The same question came for consideration before the Supreme Court in Bhiva v. State of Maharashtra, (A.I.R. 1963 S.C. 599), in which it was held that the combined effect of S. 133 and S. 114; Illustration (b) may be stated as follows:
“According to the former, which is a rule of law, an accomplice is competent to give evidence, and according to the latter, which is a rule of practice, it is almost always unsafe to convict upon his testimony alone. Therefore, though the conviction of an accused on the testimony of an accomplice cannot be said to be illegal, yet the Courts will, as a matter of practice, not accept the evidence of such a witness without corroboration in material particulars. The corroboration should be in material particulars and qua each accused.”
Problem:
A, a public servant, demanded with threats, a bribe from B. Upon information given by B, the police arranged a trap. A was caught red-handed in the act of accepting the bribe from В in the presence of C, a Panch witness. In the circumstances, can В and С be regarded as accomplices? Comment.
Ans:
В and С cannot be regarded as accomplices. Persons who have entered into a communication with conspirators, but who, either on account of a subsequent repentance, or an original determination to frustrate the enterprise, have disclosed the conspiracy to the public authorities, under whose direction they continue to act with their guilty confederates, till the matter can be so far matured as to ensure the conviction, cannot be treated as accomplices.
Persons who are present at the time of giving of bribes are also not accomplices. In the above case, В had no intention of giving a bribe. He was threatened and asked to give it. Therefore, a trap was laid to catch the bribe-taker red-handed. В had no criminal intention of committing the act.
The difference is that in the case of an accomplice, he acknowledges himself to be a criminal; in the case of these men, they do not acknowledge anything of the kind.
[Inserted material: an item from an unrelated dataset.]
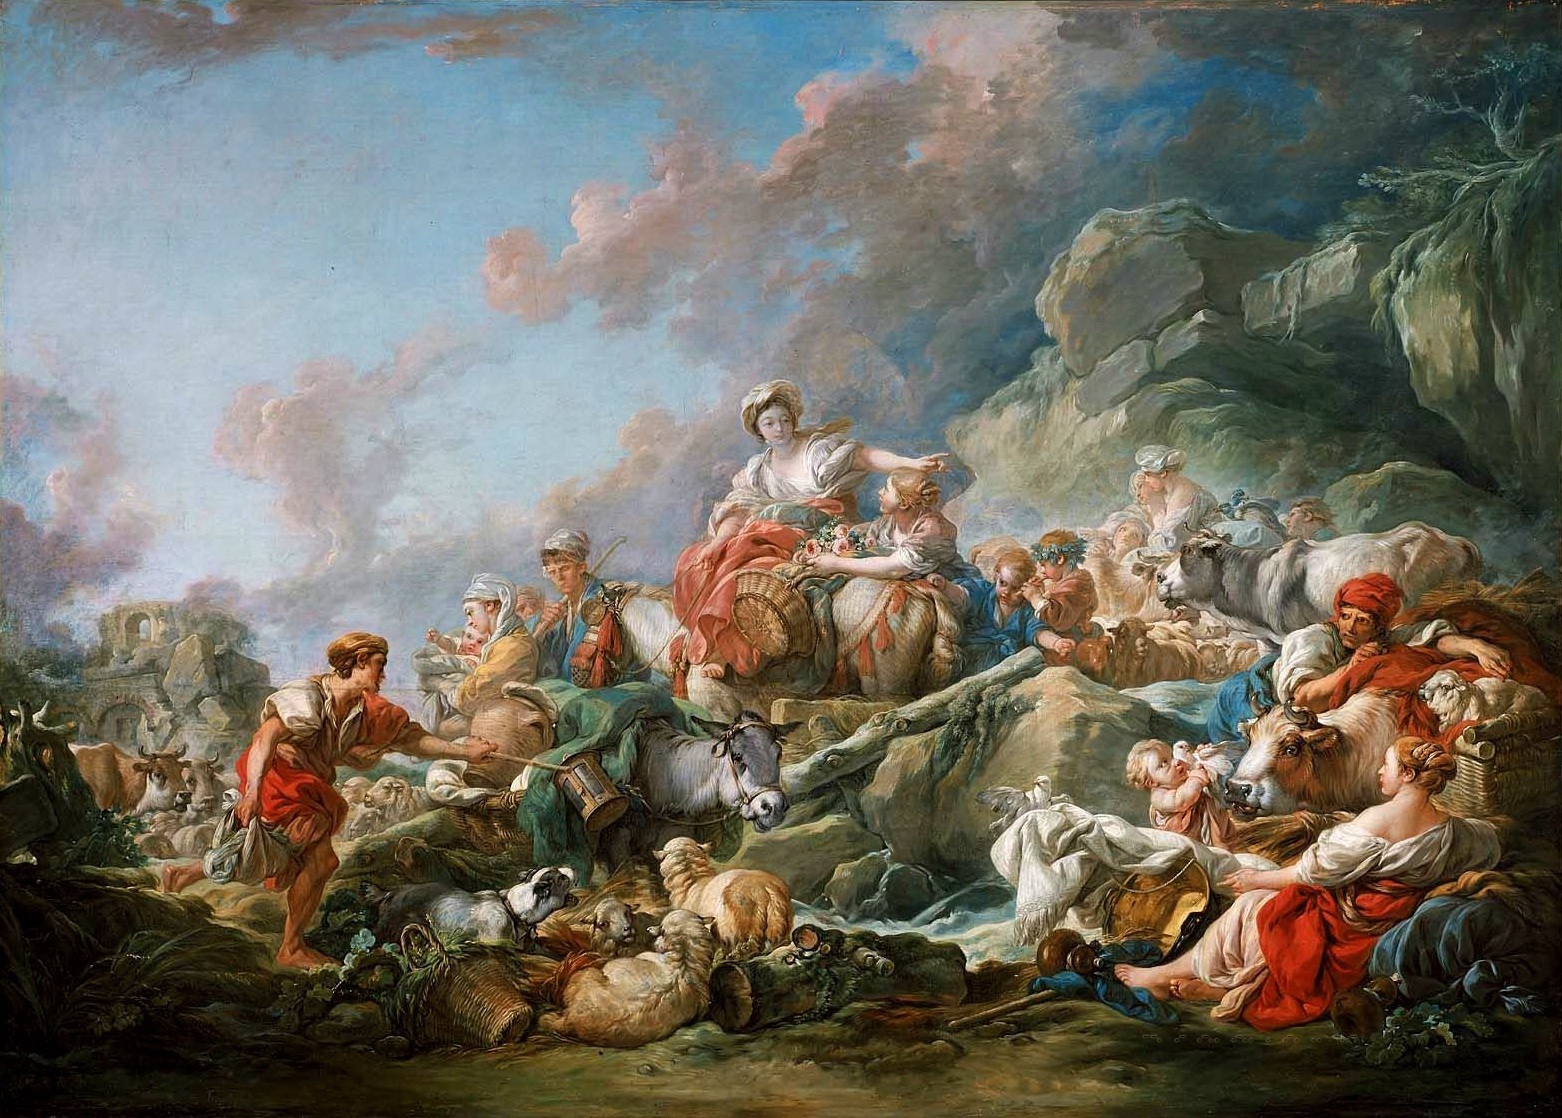 Франсуа буше. "Возвращение с рынка". 1767. Музей искусств, Бостон.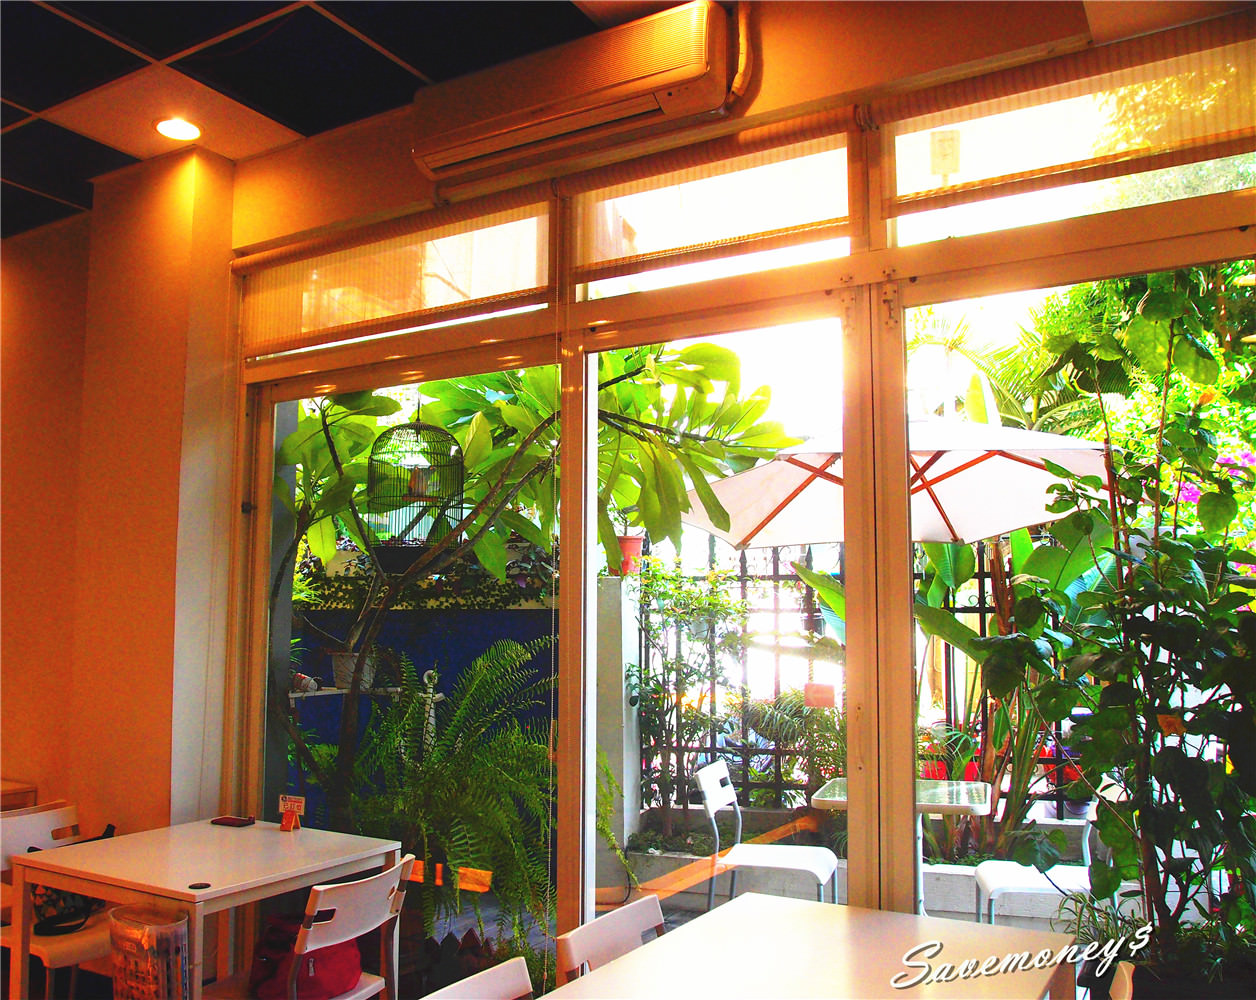 【台中早午餐】50米深嵐博館店~坐擁滿室的晨光與綠意,拍照打卡好地點

В gave the money to the public servant, with the purpose of trapping him in the act of taking the bribe, and he did so in general public interest.
Therefore, he does not partake of the criminal contamination of an accomplice. As far as С is concerned, he is merely present at the time of the transaction. He does not take any part as such in the criminal act, and hence, he is not an accomplice.